No snow, no worries

Restrictions remain likely, but Ladysmith doesn’t rely on snowpack for its water supply

Ladysmith director of infrastructure John Manson says the Holland Lake reservoir is at full capacity regardless of lack of snowpack.

Ladysmith director of infrastructure John Manson says the Holland Lake reservoir is at full capacity regardless of lack of snowpack.

That dusting of snow that appeared on the mountains earlier this month got some water watchers excited.

But not the Town of Ladysmith.

The lack of snowpack that has communities all over the island bracing for a dry summer is largely irrelevant here, according to the town’s director of infrastructure services.

The Holland Lake reservoir was full Jan. 1. The town can’t store any more water. Our current issue, according to John Manson, is not rainfall, nor snowpack, it’s storage capacity.

Conservation measures are — and will likely continue to be — necessary every spring until we raise the dam.

“Holland Lake is at 500 metres. In the greater scheme of things that’s very low. We don’t typically rely on a lot of snowpack,” Manson said. “When you talk about snowpack, it doesn’t matter if we get less snowpack. It’s been a pretty average year for rain.”

Raising the dam 1.5 meters as a way to increase storage is part of about $35-40 million in water system improvements staff feel is needed over the next 10 years.

A majority of Town officials consider raising the dam to be our highest infrastructure priority. But provincial regulations governing uncovered community water supplies mean a $10 million filtration plant has to happen first.

In the meantime, Manson said the town is ready for whatever Mother Nature brings this summer.

As long as the rains continue, the town typically draws only from Chicken Ladder in order to preserve what’s in Holland Lake. Stocking Lake, our secondary source, was nearly full as well.

Manson said he expects the Town to announce a comprehensive schedule of water restrictions by early May. It will be done in conjunction with North Cowichan, Lake Cowichan and the Cowichan Valley Regional District in order to make regulations consistent throughout the regional district.

“The Cowichan Valley all got together at a staff level to co-ordinate the restrictions so it is consistent,” Manson said.

Early restrictions will likely limit watering to seven or eight hours a week, then escalate as necessary.

“People don’t tend to water until June anyway, so it’s more an educational thing.”

Manson said the people of Ladysmith continue to do a good job of conserving water. Even with last year’s dry conditions, the level of Holland Lake only dropped to about 50 percent.

“We are one of the lowest consumers of water.

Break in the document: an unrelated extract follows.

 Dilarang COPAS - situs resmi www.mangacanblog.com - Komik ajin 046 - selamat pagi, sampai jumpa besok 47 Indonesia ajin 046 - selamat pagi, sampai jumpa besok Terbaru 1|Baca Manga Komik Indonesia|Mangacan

We’ve been leaders in terms of water consumption — way ahead for B.C.”

The town continues to offer a rebate program to encourage homeowners to install low-flush toilets. Low-flow washing machines are also encouraged, as well as paying attention to any water being wasted down the drain through regular day-to-day use.

Rainwater and gray water collection can help, but for Manson the biggest thing he encourages people to watch out for is unnecessary irrigation.

“A good watering once a week is better than bunch of little ones,” he said. “Don’t just put your sprinklers on and let them go.”